Information shown:
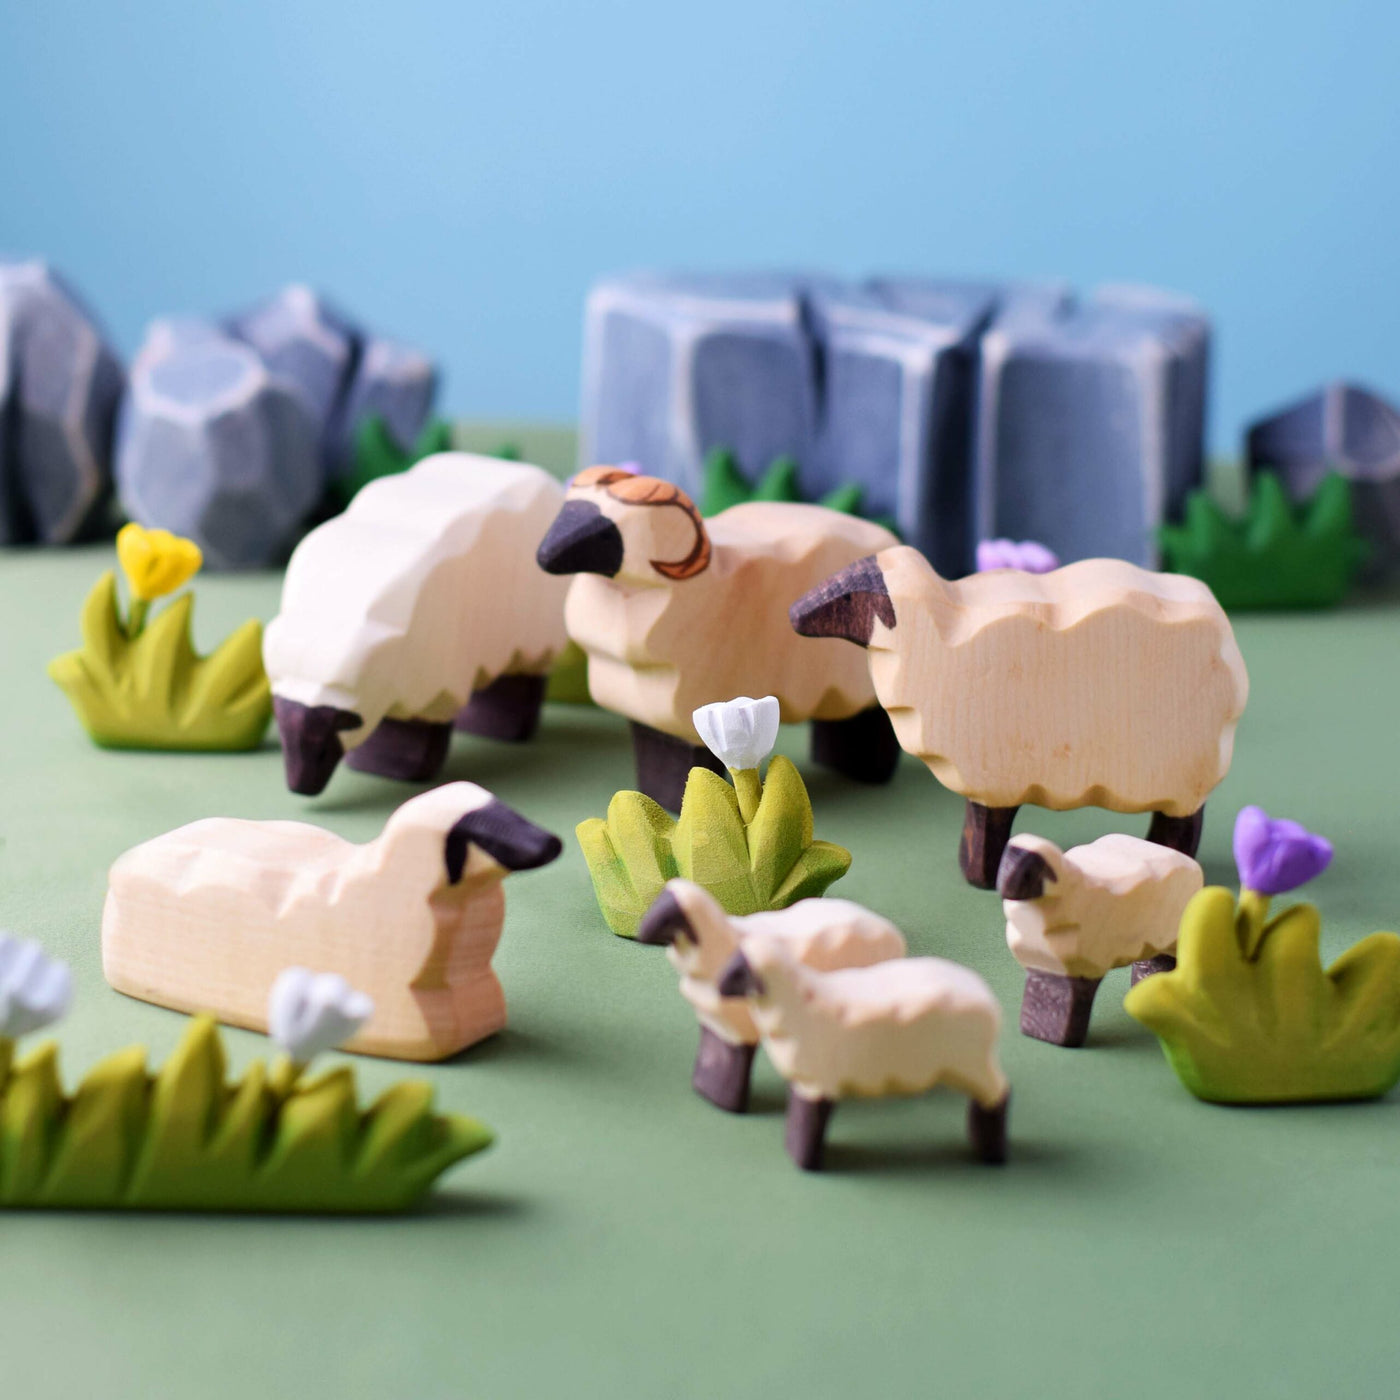 Bumbu Flock of Sheep
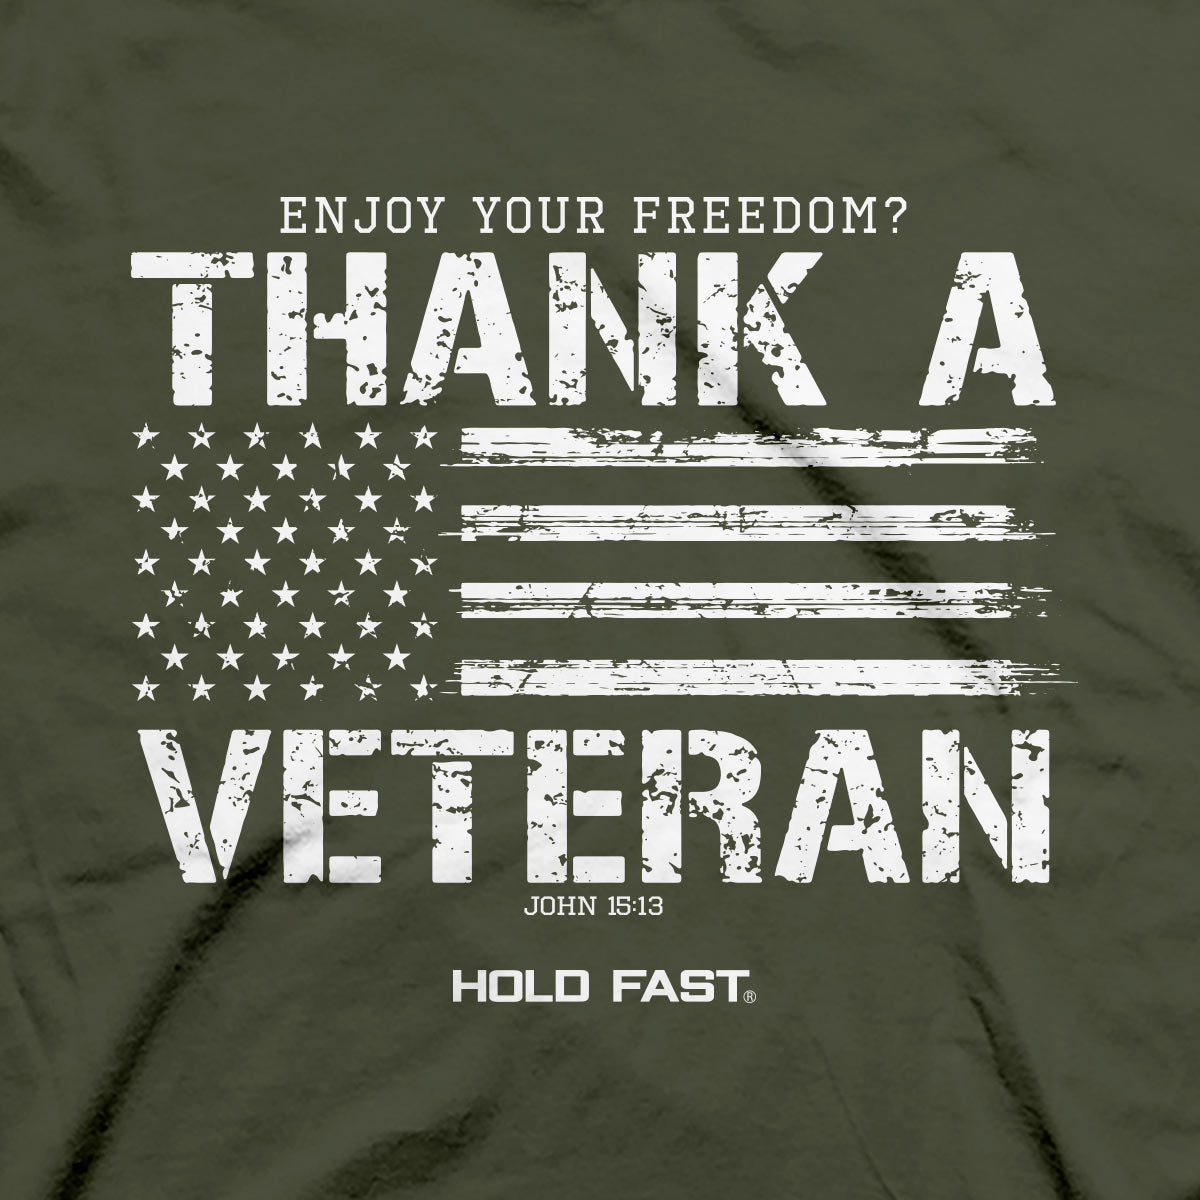 HOLD FAST Mens T-Shirt Thank A Veteran | 2FruitBearers
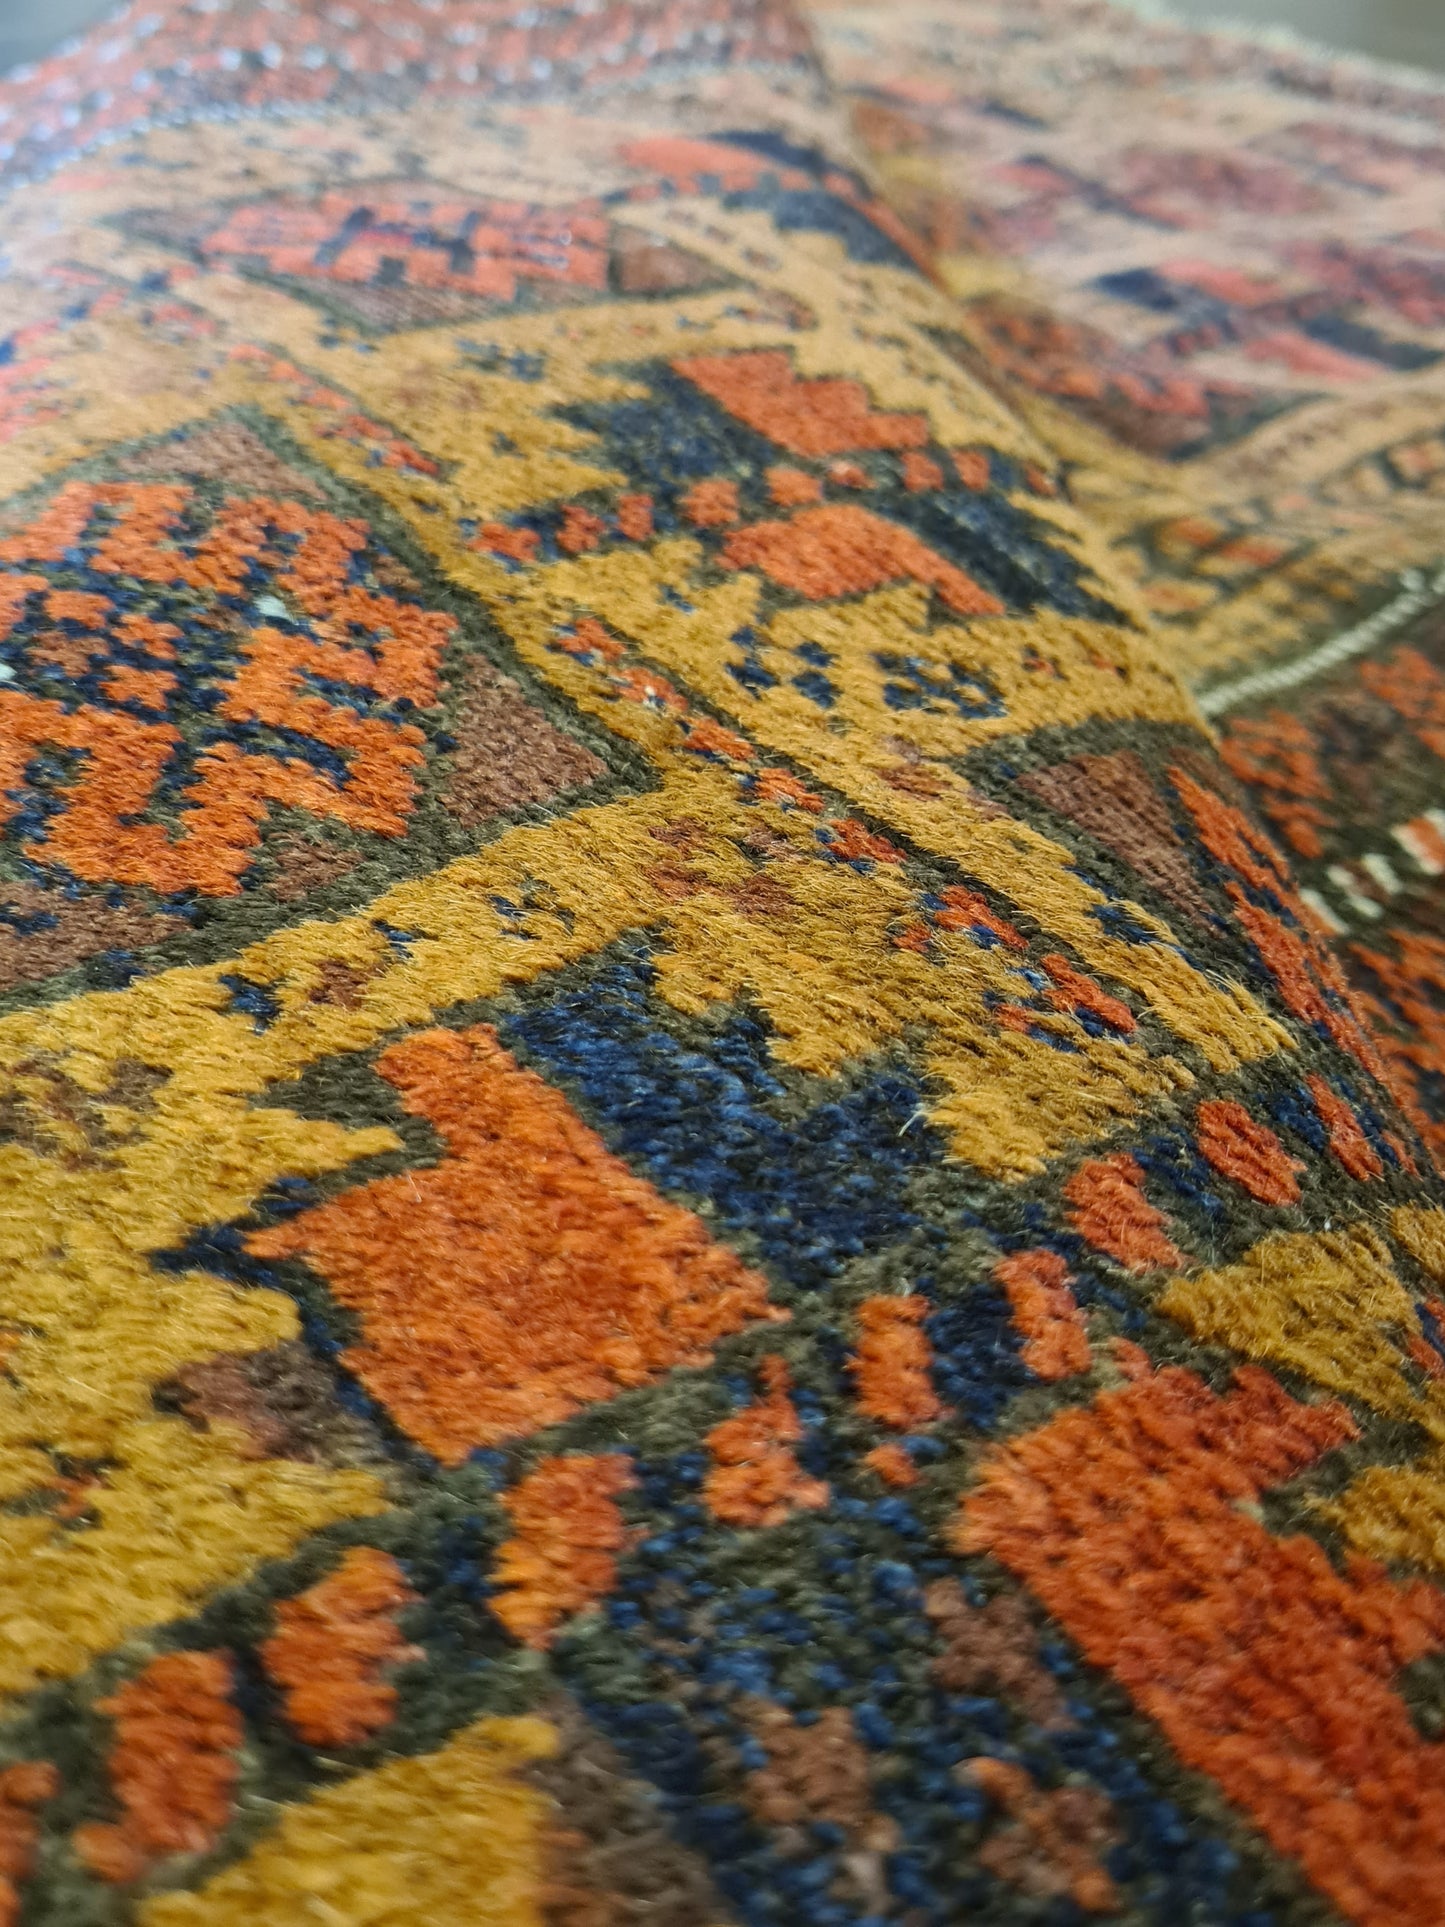 Antiker Belutsch Gebetsteppich – Ein Sammlerstück aus dem Orient 170x99cm

Task to complete:
Give back every line of the material exactly as written, but not the pictures.

Exercise answer:
 Bumbu Flock of Sheep
 HOLD FAST Mens T-Shirt Thank A Veteran | 2FruitBearers
 Antiker Belutsch Gebetsteppich – Ein Sammlerstück aus dem Orient 170x99cm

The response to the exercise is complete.